Using free weights on the gym floor isn’t a sign of weakness; certain benefits even come with it.
Benefits of Training with Free Weights
- You can make use of free weights anywhere.
- Free weight is a versatile piece that targets all your muscles in a fantastic way.
- The primary focus of free weights is to adjust your posture to an upright position.
- Free weights improve your body’s metabolism.
Free Weights Exercises To Try Out
This free weight exercise helps to improve your body posture and balance.
This is a great exercise if you want to target larger muscles, enabling you to have a swift range of motion.
Seated Bicep Curl
This exercise targets muscles in the lower and upper arms.
Free Weight Equipment
Some of the most common free weights are:
- Adjustable Dumbbell – It focuses on the quads, glutes, and hamstring.
- Barbells – It focuses on the glutes and hamstrings.
- Kettlebells– It also focuses on the glutes and hamstrings.

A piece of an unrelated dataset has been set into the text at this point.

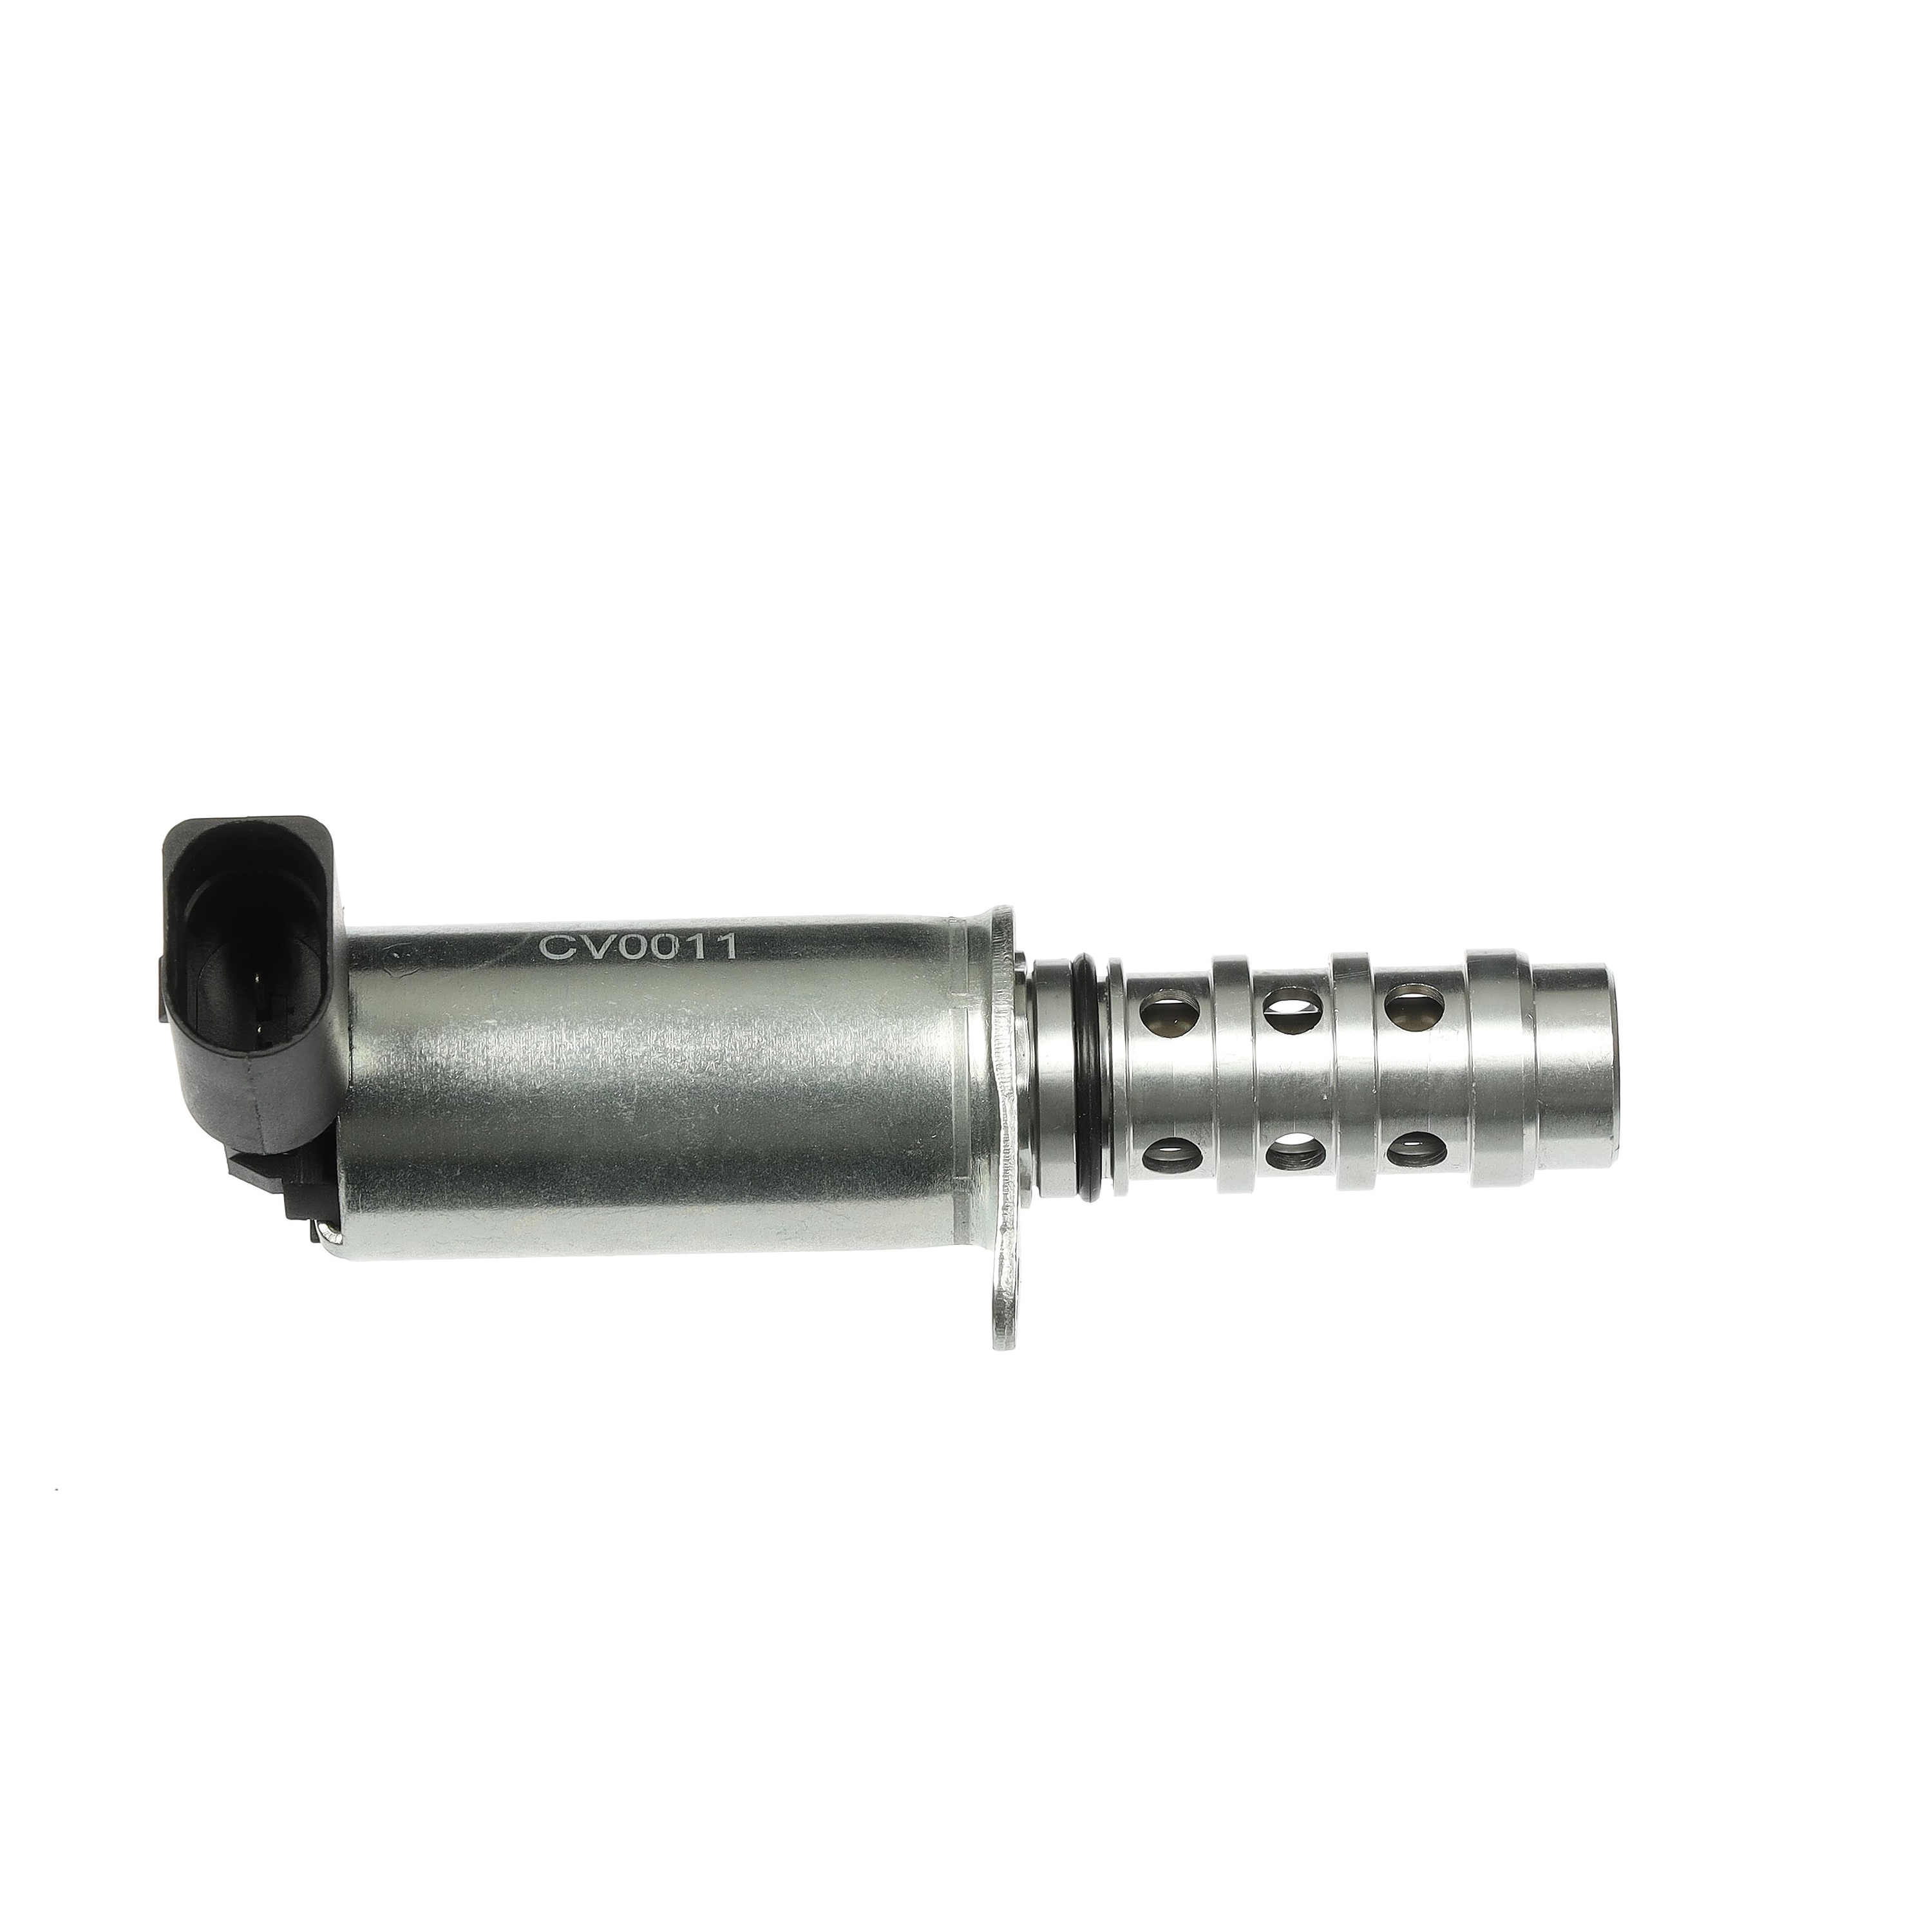 Camshaft control valve ET ENGINETEAM with seal ring - CV0011

Other machines you can use in a more controlled environment include a medicine ball or sandbag.
Gym Equipment and Machines List
As discussed above there are 3 main types of workout equipment, and there’s a high chance of choosing a machine or lifting weights that are not ideal for you and your goals.
Check our detailed list with 73 gym equipment and workout machines that contain everything you need to know, from specific types of exercise equipment down to the important accessories you’ll need like foam rollers and resistance bands.
To see results from almost any exercise you’re doing requires consistency and the right form.
A good workout doesn’t just involve many exercises; it involves a full range of effective exercises.
To make your fitness plan enjoyable at the comfort of your home, you should get certain exercise equipment like; a stability ball, exercise ball, climbing rope, battle ropes, suspension trainer, plyo boxes, medicine balls, balance board, and of course, a yoga mat to keep yourself flexible and free of injuries.